I just tried Ben's instructions: the mail I got back, viewed in a plaintext mail UA, said: http://gemal.dk/browserspy/ws.cgi?server=http://gemal.dk&test=1 <http://gemal.dk/browserspy/ws.cgi?server=http://gemal.dk&amp;test=1> If I tried to go to the URL inside the angle brackets, I would go to the wrong URL. So I have to agree with BenB that this is still a bug. Beth, am I missing something? Ben, any idea what the right fix for this is? Perhaps the plaintext serializer is doing entity conversion and shouldn't? But I don't see anywhere in nsPlaintextSerializer where it's doing entity conversion except for entity tags (which obviously aren't the problem since this is inside an anchor tag). Doesn't look like the plaintext serializer ever calls the charset encoder either. Not sure where this conversion is happening if it isn't in the html source inside the edit window (Beth, how are you viewing the source? I wish mail would enable the debug menu in their compose window, or offer a source pane tab).
Status: VERIFIED → REOPENED
Resolution: INVALID → ---
> Ben, any idea what the right fix for this is? See the comments from 2000-12-08 17:45 to 2000-12-09 10:43. I suggest to put some code that HTML-unescapes into |nsPlaintextSerializer::GetAttributeValue|. (The actualy unescaping should probably be written as a function in a more central place and just be called from |GetAttributeValue|.)
Actually, I have an even simpler reproduction, which surely doesn't involve the TXT->HTML converter: 1. Open HTMl composer 2. Enter "bla1", select it 3. Creat Link, with link-target (href) "bla&bla" 4. Options|Format|Plaintext Only 5. Send 6. Recieve with any mailer 7. View Source Acutal result: bla1 <bla&amp;bpa> Expected result: bla1 <bla&bpa>
If I follow Ben's simpler repro instructions in the html editor (not mail compose), so I can get the Debug menu and see what's going on, if I then Output Text, I see: bla <bla&bla> If I follow the longer (mail send) instructions and check the value of url at line 672 of nsPlaintextSerializer, just before it sets mURL = url, I see that the &amp is already there. url came straight from mParserNode->GetValueAt(i) and hasn't gone through any extra url escapes.
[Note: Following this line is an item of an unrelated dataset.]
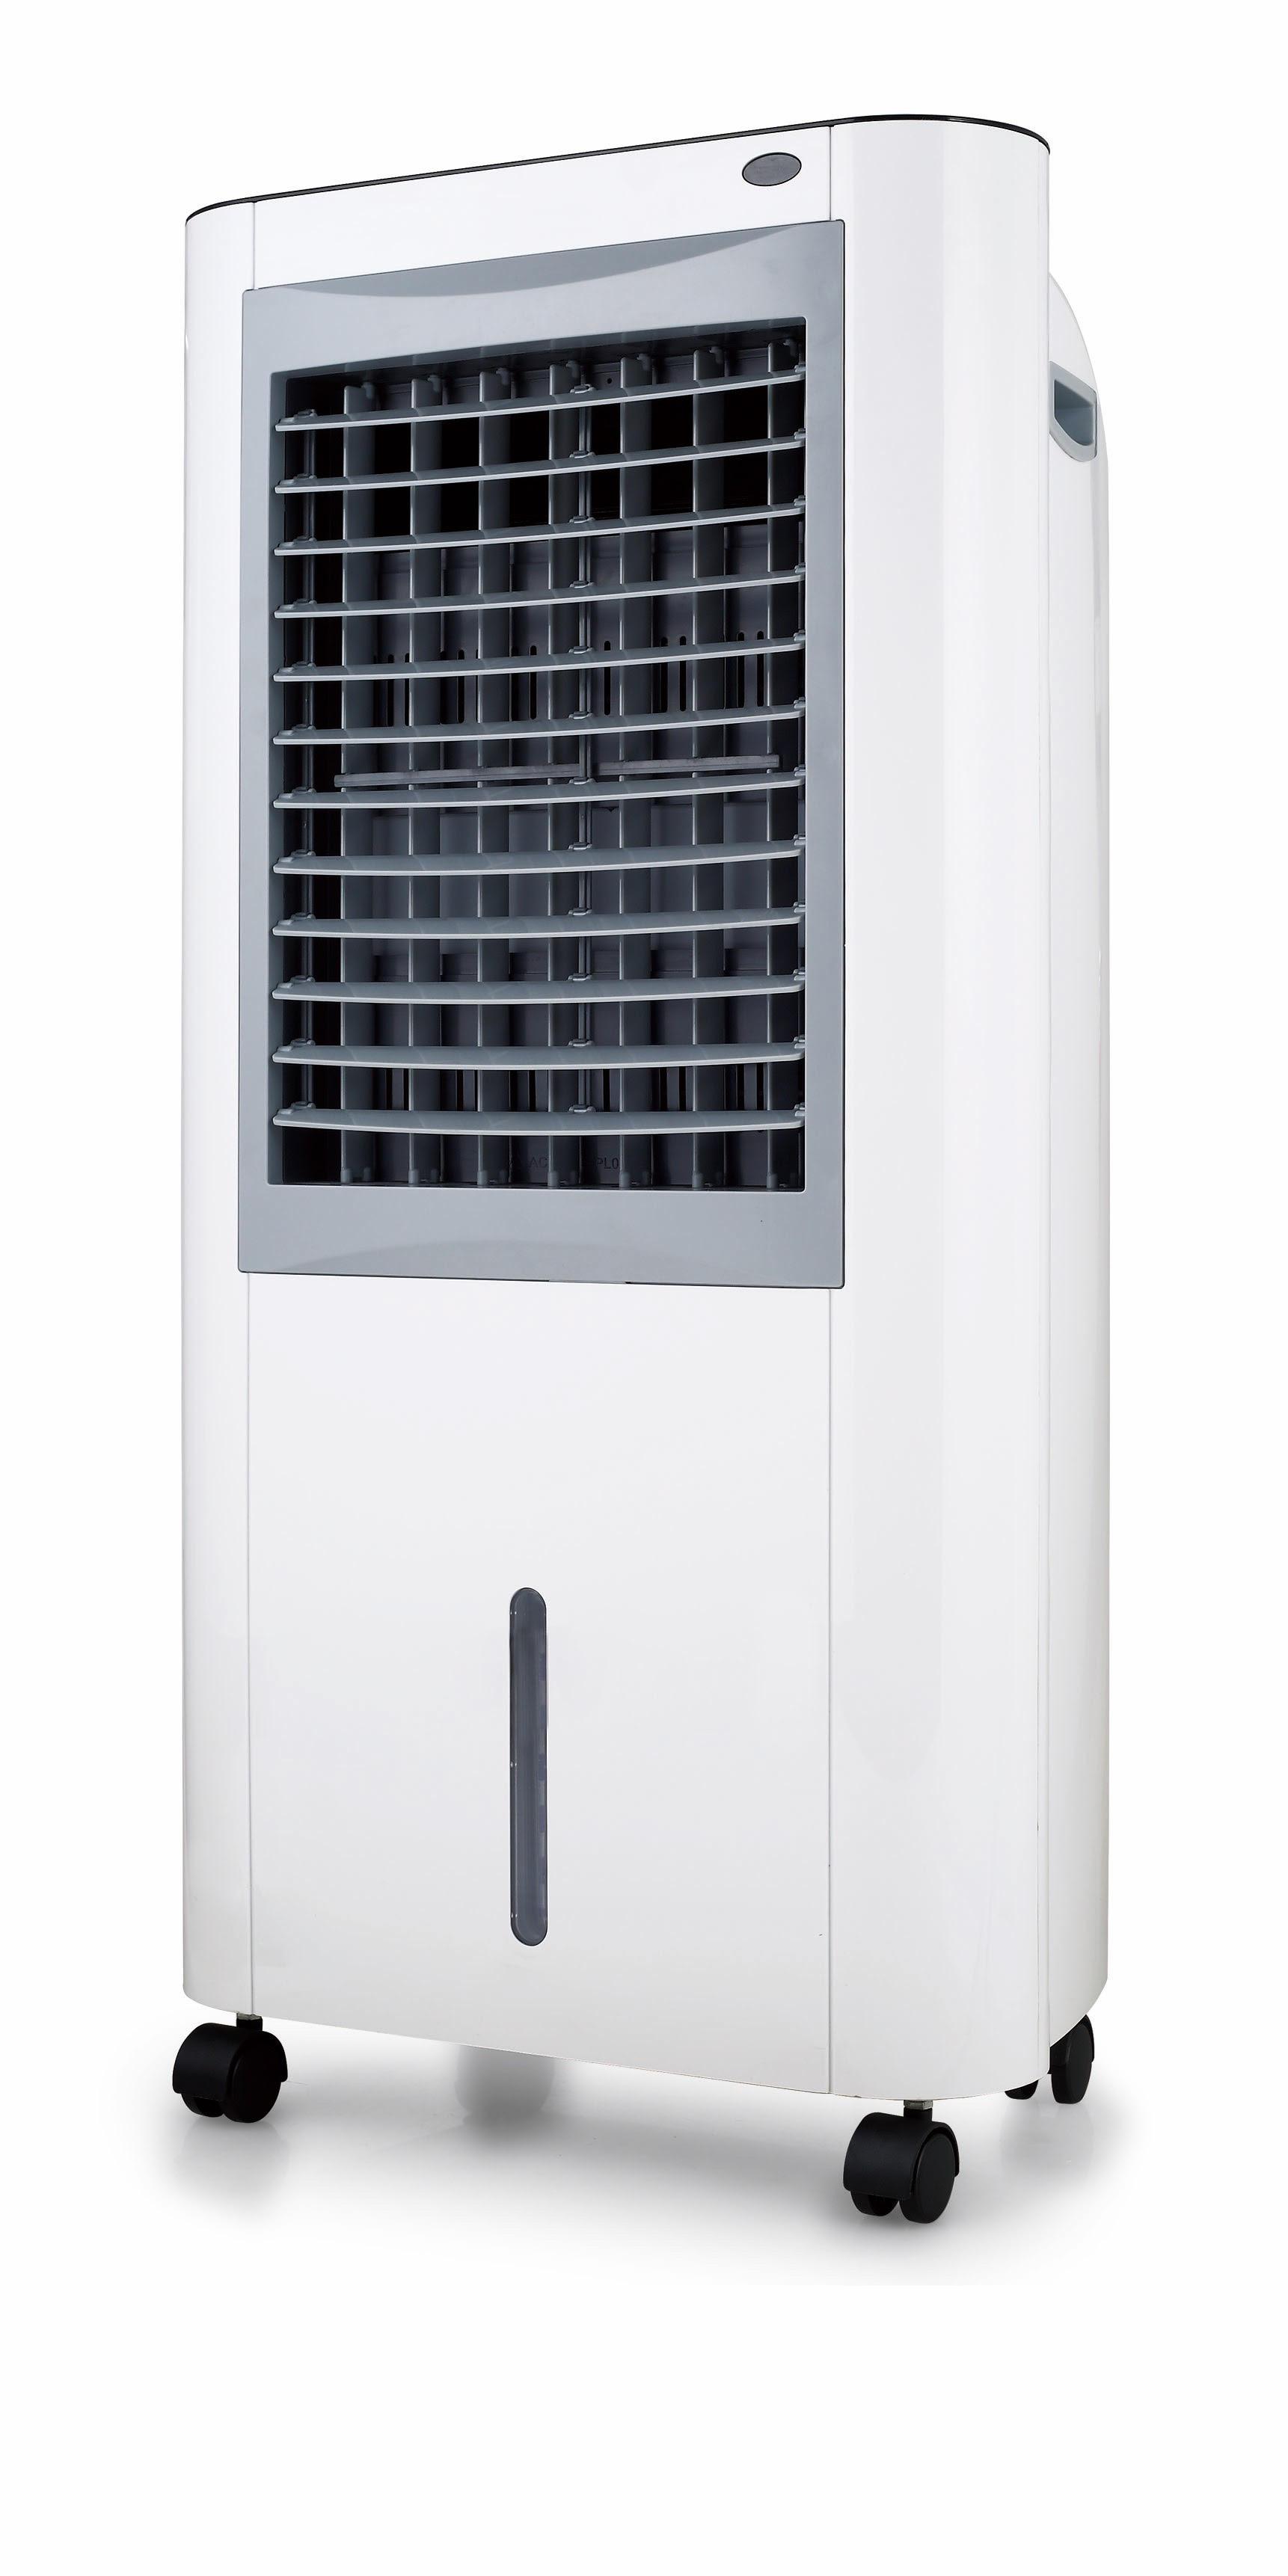 Climatizador evaporativo Yatek YK-M99, 10L de

This suggests that the mail (libmime?) code which inserts the initial text into the compose window did the url escaping. That's at odds with Ben's latest experiment, though, where he typed the value in to the link dialog in html compose. His experiment suggested to me (since I didn't see the same thing happening in Output Text from the editor) that the problem likely had something to do with the fact that mail saves as html, then reads the html back in and converts it to plaintext, instead of just writing it as plaintext in the first place. In any case, I'm leaning strongly toward thinking this is a mail problem, unless someone can find a way to demonstrate it in the editor without going through mail code at all. I can't seem to repro it in the editor.
ok, yes that one step is quite important (Options|Format|Plaintext), if selecting that option is indeed supposed to convert the content of the message to plaintext, then yes that is an issue. But it is quite evident that that is not what is happening (the content of the web page is sent as an inline html file and should not if it truly is plaintext). I contacted Seth and have asked him to take a look at this (will also cc him now).
forgot to mention, if that is the case, then this should be assigned to mail team to work out the conversion issues.
Component: DOM to Text Conversion → Mail Window Front End
Product: Browser → MailNews
Summary: URL is htmlified (& -> &amp; etc.) → Options|Format|Plaintext is not converting contents of HTML compose message to plaintext
reassigning to the mail team. The real problem: Options|Format|Plaintext is not converting contents of HTML compose message to plaintext updating Summary with the correct issue
reassigning to mail team
Assignee: beppe → sspitzer
Status: REOPENED → NEW
QA Contact: sujay → esther
beppe, no, the msg is converted. You did "Send Page", not "Send Link". Even if you do Send Page, the behaviour is correct, because the page is an attachment, and the conversion applies only to the main body, i.e. the text you write. This is exactly the same as 4.x. Restoring SUMMARY.
Summary: Options|Format|Plaintext is not converting contents of HTML compose message to plaintext → URL is htmlified (& -> & etc.)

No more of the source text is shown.